▸ **Information provided**:

########################################

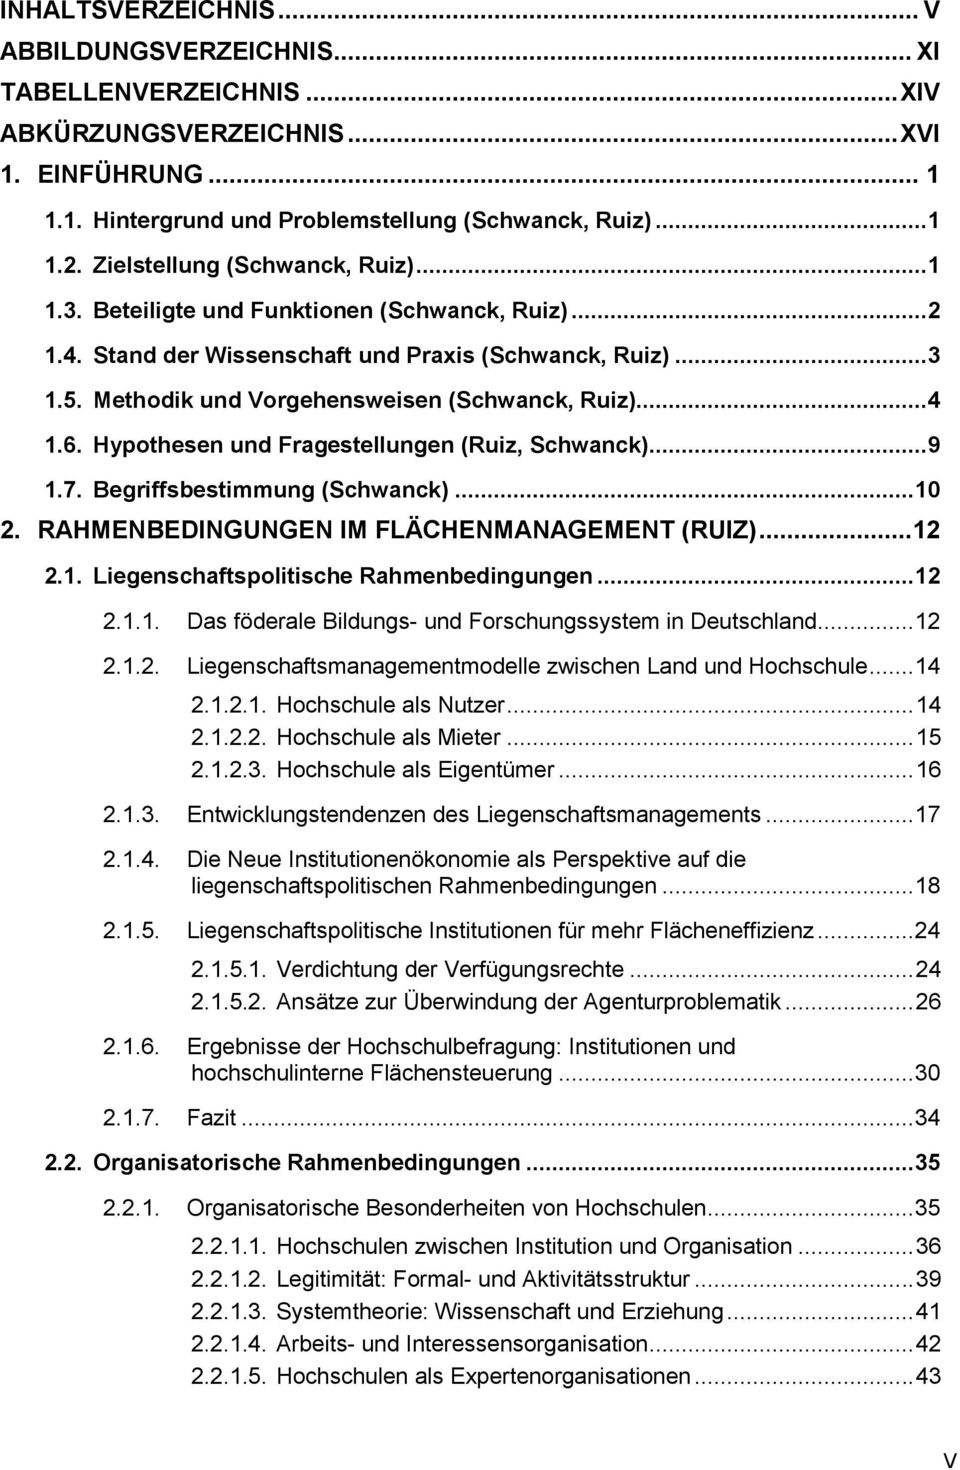 ..4 1.6. Hypothesen und Fragestellungen (Ruiz, Schwanck)...9 1.7. Begriffsbestimmung (Schwanck)... 10 2. RAHMENBEDINGUNGEN IM FLÄCHENMANAGEMENT (RUIZ)...12 2.1. Liegenschaftspolitische Rahmenbedingungen.
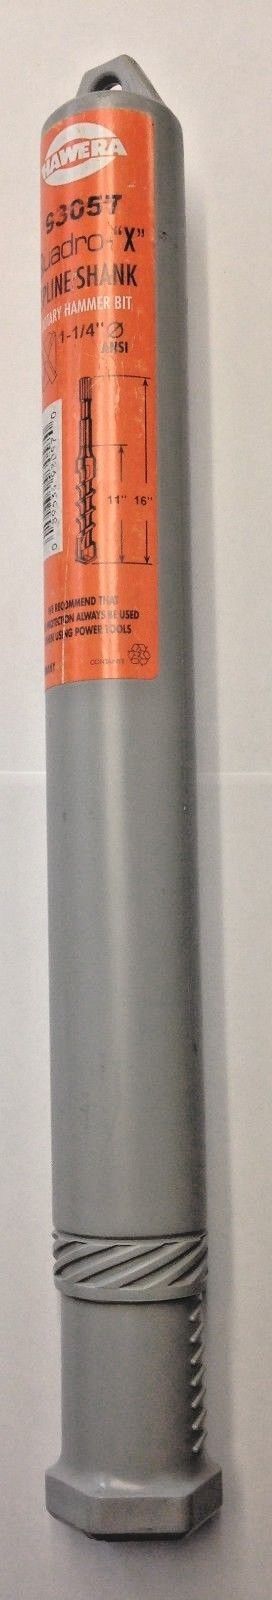 Hawera 93057 Quadro X 1-1/4" x 11" x 16" Spline Shank Rotary Hammer Bit Germany
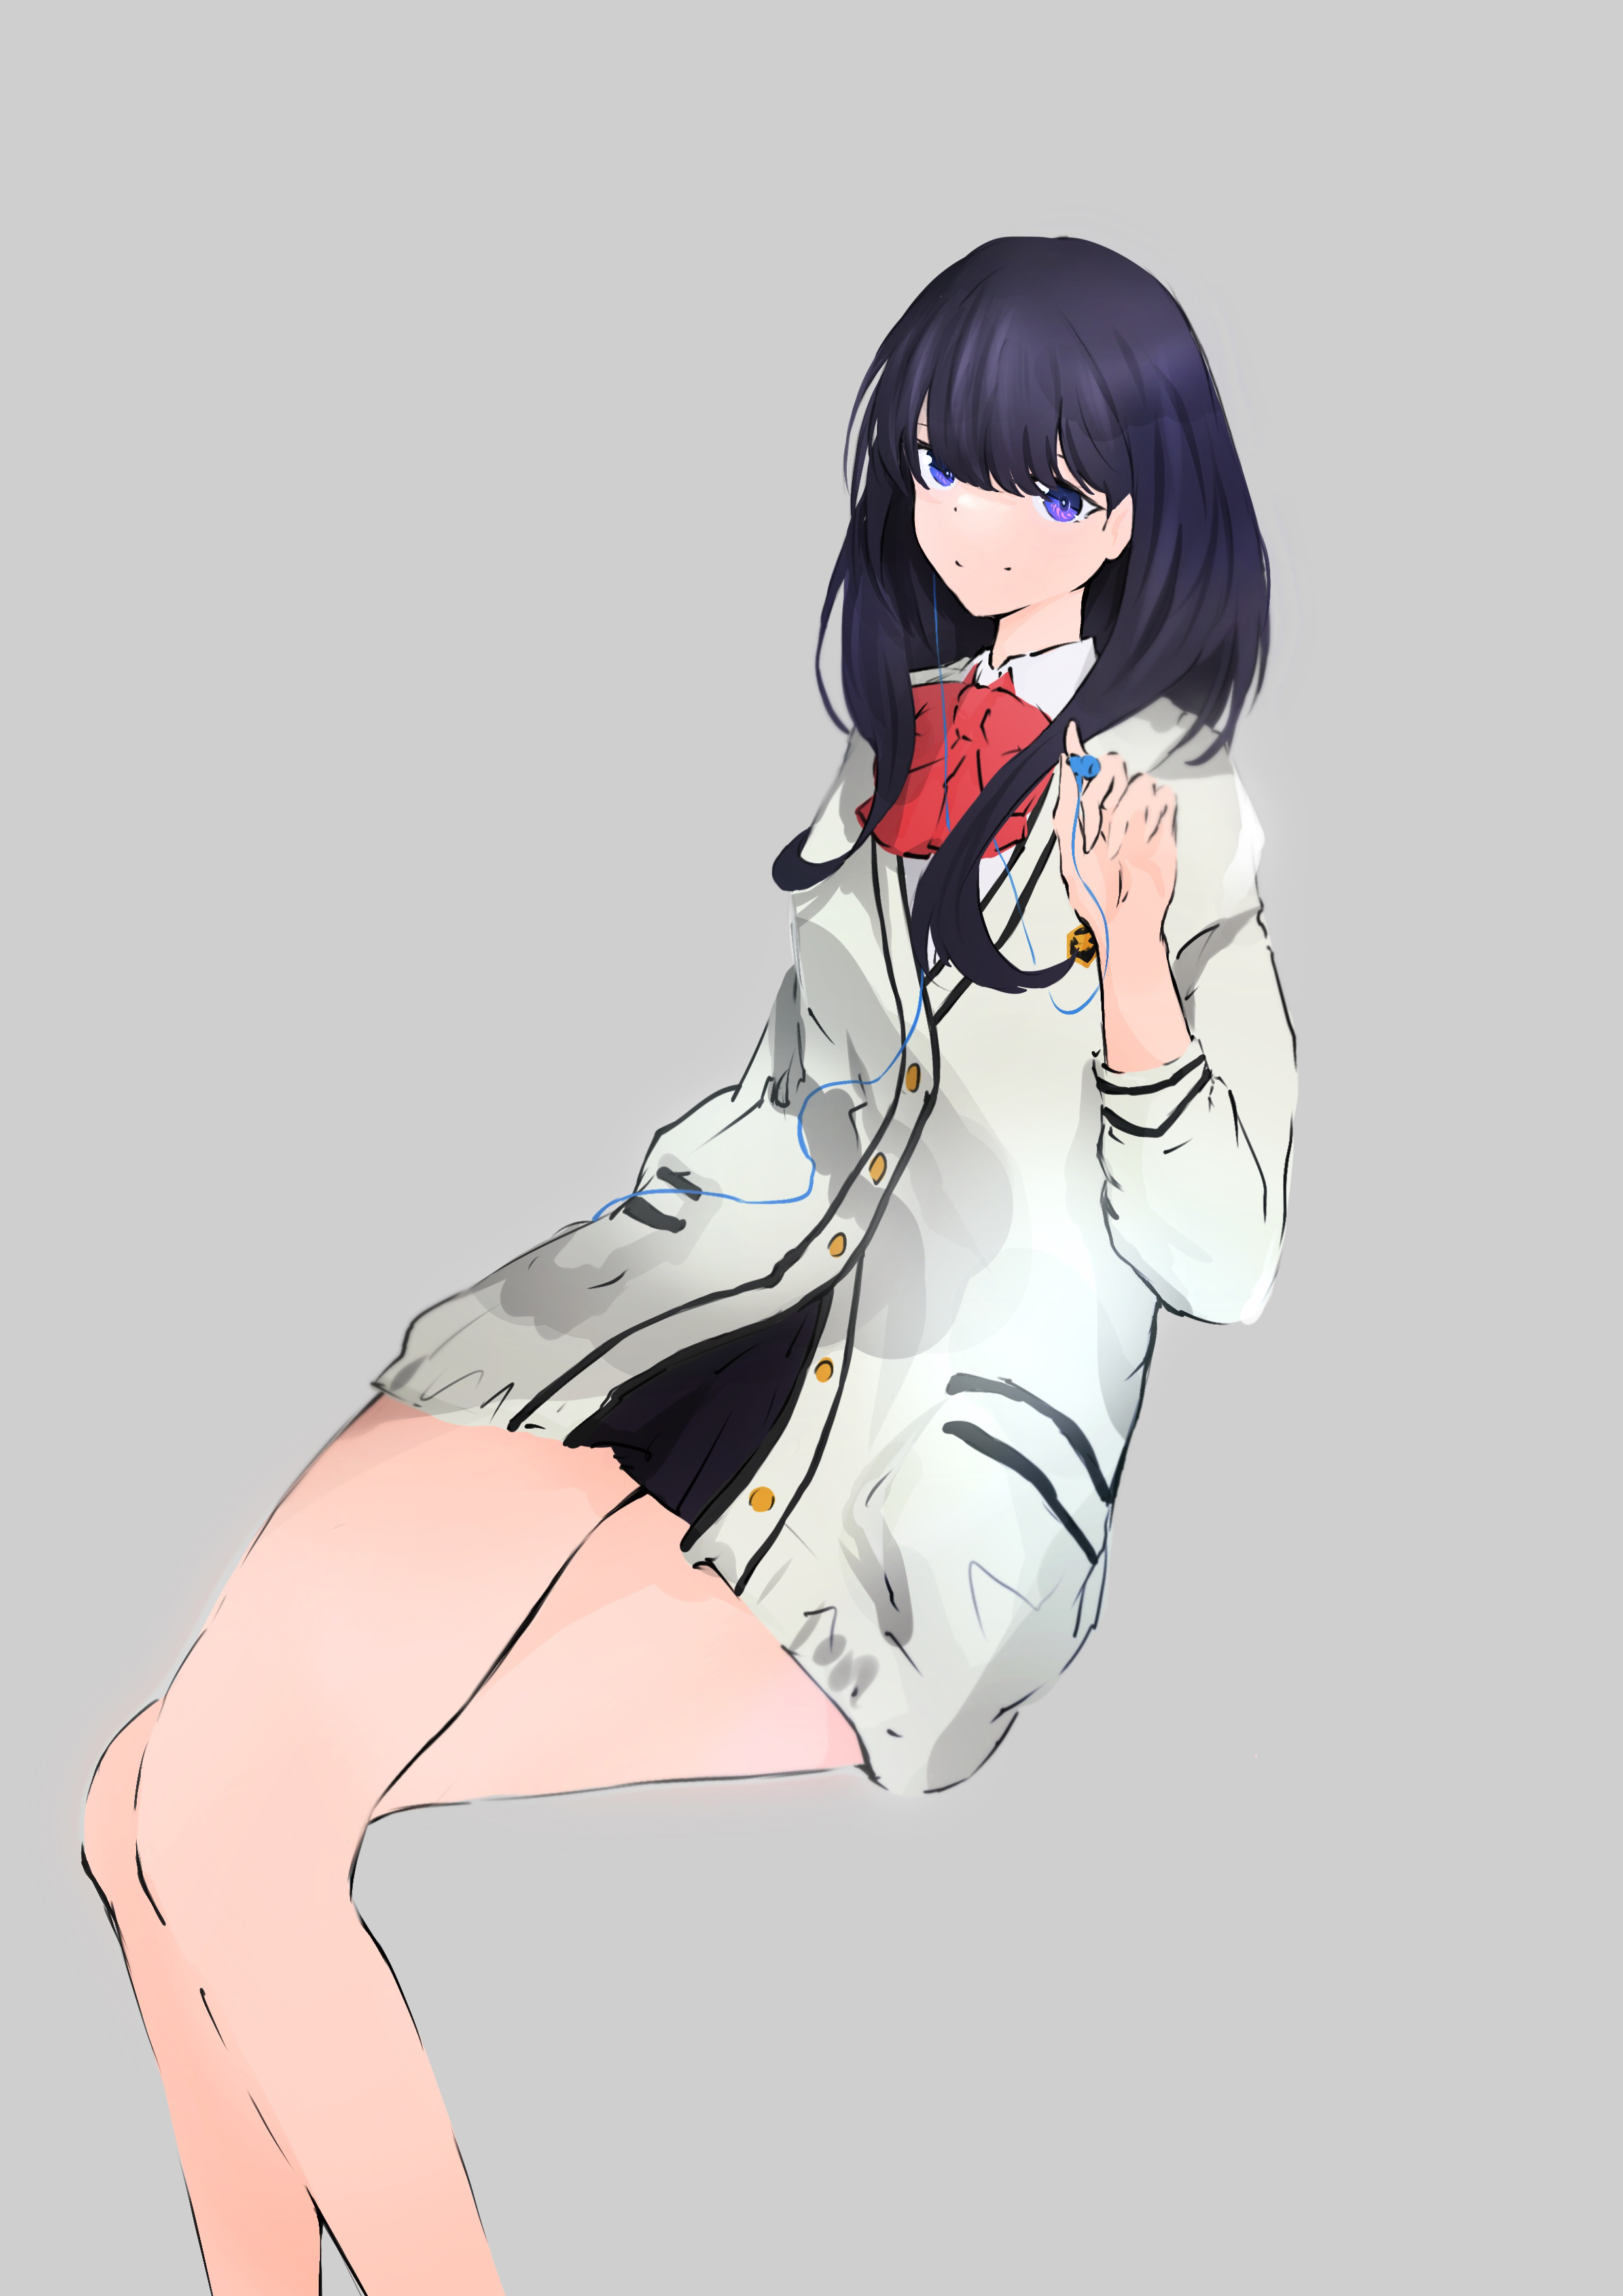 Anime Anime Girls SSSS GRiDMAN Takarada Rikka Long Hair Black Hair Solo Artwork Digital Art Fan Art  2480x3508

########################################

▸ **About this task**: Pictures stay out. Copy exactly, and only, the lines from the one containing "Hawera 93057 Quadro" through the end of the data.

▸ **Output of the exercise**:
 Hawera 93057 Quadro X 1-1/4" x 11" x 16" Spline Shank Rotary Hammer Bit Germany
 Anime Anime Girls SSSS GRiDMAN Takarada Rikka Long Hair Black Hair Solo Artwork Digital Art Fan Art  2480x3508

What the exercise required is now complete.